The Child Behavior Coding System-Postanesthesia Care Unit (CBCS-P; Chorney, Tan, Martin, Fortier, & Kain, 2011) is an observational coding system of adult and child behaviors during the postoperative period, which was found to have good to excellent interrater reliability and criterion validity (Chorney, Tan, Martin, Fortier, & Kain, 2011). Behavioral codes in CBCS-P are mutually exhaustive within a participant (i.e., every child/parent behavior exhibited is captured by a code) and exclusive (i.e., a specific child/parent behavior can only be associated with one code).
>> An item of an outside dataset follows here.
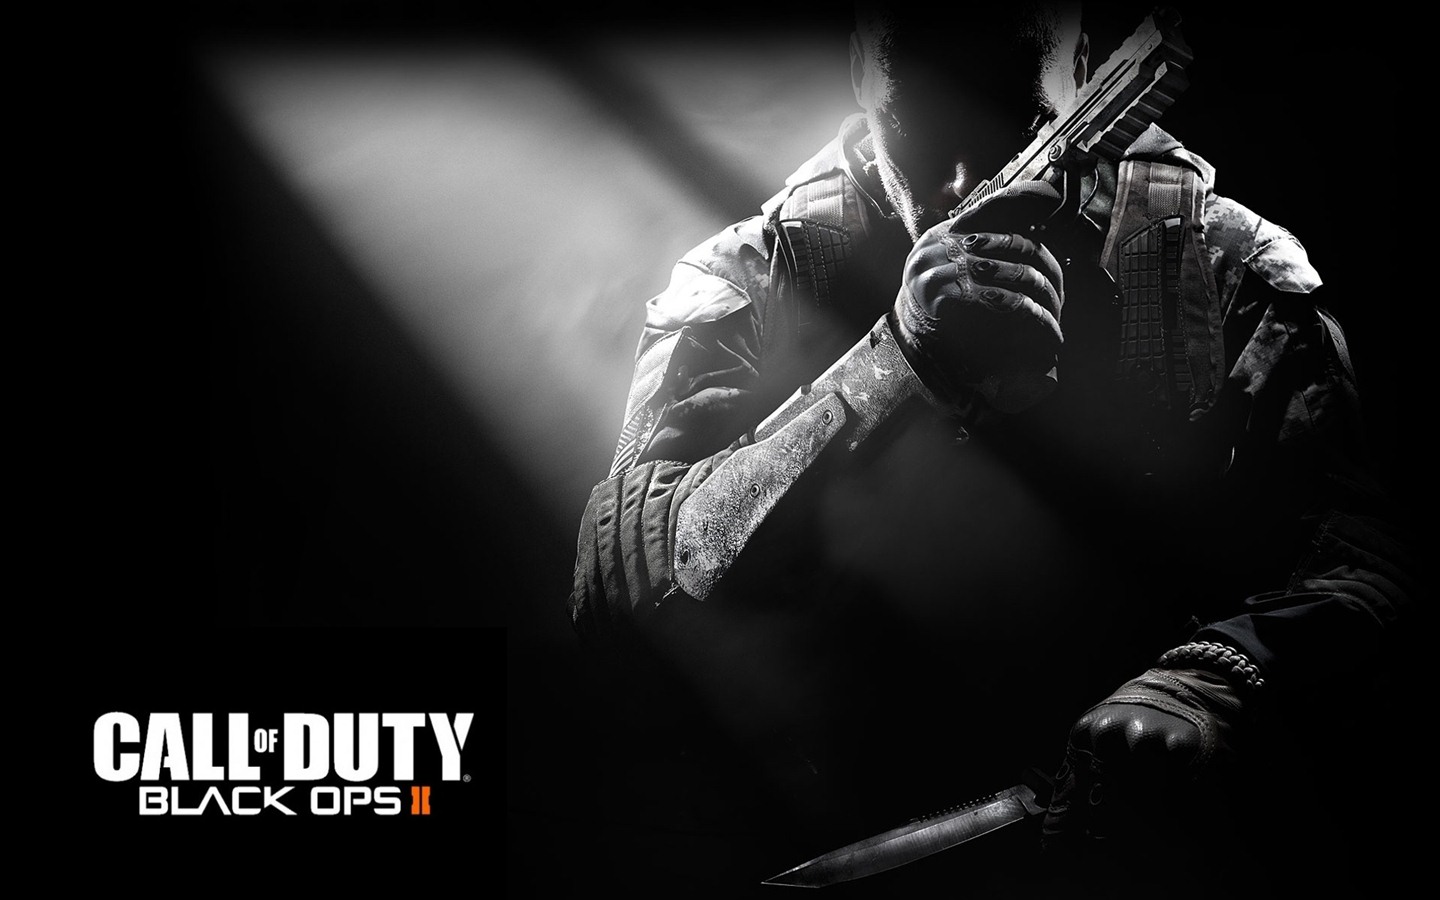 Call of Duty: Black Ops 2 HD wallpapers #11 - 1440x900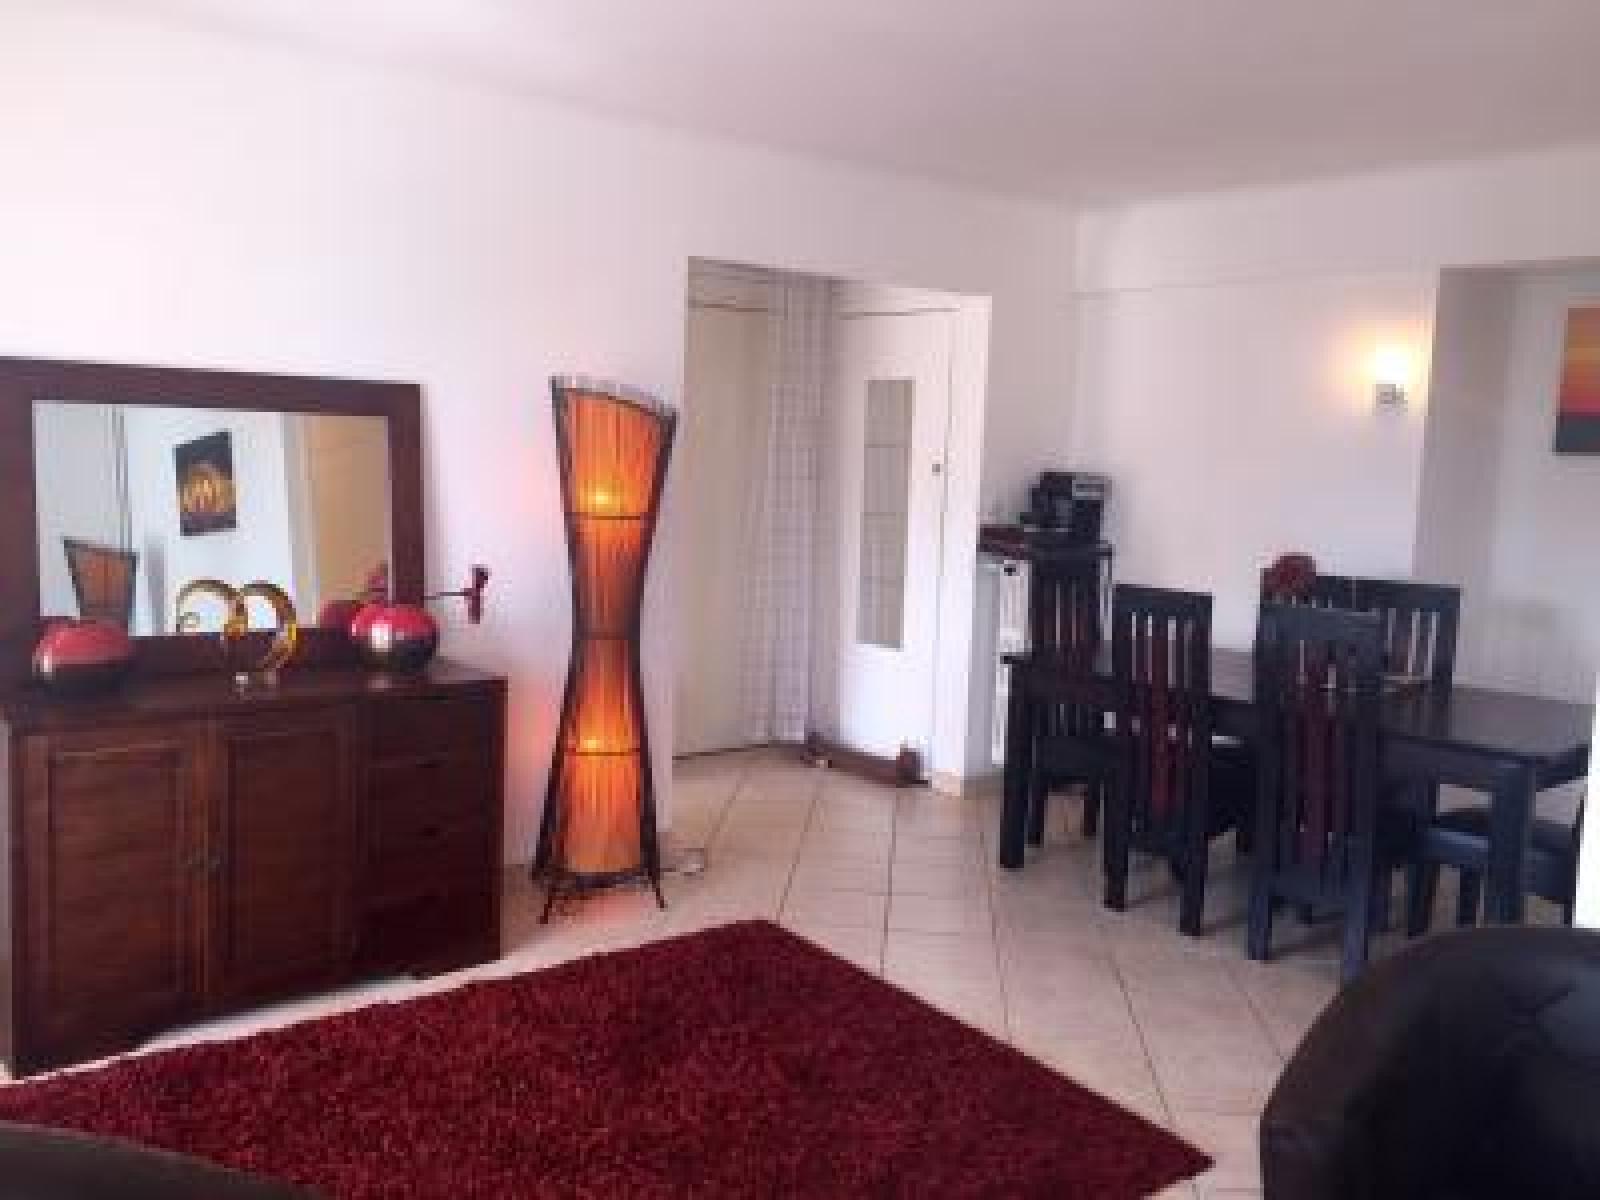 Pleasant 2 Bed Apartment in the calm Palm Beach area of Cannes with beaches nearby on all sides - 1525

For the purposes of this study, only the parent reassurance and child distress codes were used for analyses. Reassurance was defined as a procedure-related comment to child with the intent of neutralizing the situation or suggesting that the environment is nonthreatening (e.g., “Don’t worry” “It’s OK”). In line with the intercorrelations among different distress behaviors reported in the development of the CBCS-P (Chorney, Tan, Martin, Fortier, & Kain, 2011) and to decrease the number of analyses, theoretically derived child distress codes were combined to create verbal and nonverbal child distress composites. The verbal distress composite included verbal pain (e.g., “Ouch”), verbal resistance (e.g., “Stop it”), verbal request for support (e.g., “Mommy!”), and verbal negative emotion (e.g., “I’m scared”). The nonverbal distress composite included cry, scream, nonverbal request for support (e.g., reaching for parent), guarding (e.g., covering or holding a pain site), and nonverbal resistance (e.g., pushing parent away).

Procedure

Institutional Review Boards approved the current study. Parents were recruited up to 7 days before surgery and completed written informed consent. Parents completed demographics and STAI-T during a preoperative hospital visit 2–7 days before surgery. Parents completed the STAI-S on the day of surgery. All children and up to two caregivers were taken to the PACU immediately following surgery. The children and parents enrolled in this study were videotaped from the moment they entered the PACU until they were discharged. More information on the sample and recruitment process can be found in (Chorney, Tan, & Kain, 2013).

Coding Process

Video data were captured using digital video cameras installed over the PACU beds. Considering that children can spend an average of 2 hr in the PACU following outpatient surgery (Kain, Mayes, Caldwell-Andrews, Karas, & McClain, 2006), three 5-min time segments (i.e., the first 5 min the child was awake, 5 min surrounding intravenous catheter removal, and 5 min surrounding distress within a randomly selected time interval) were selected from the PACU video to maximize coding efficiency and ensure that a range of behaviors were obtained during probable periods of distress. The coding of behaviors using CBCS-P was facilitated by Observer XT Software (Noldus Inc, Netherlands).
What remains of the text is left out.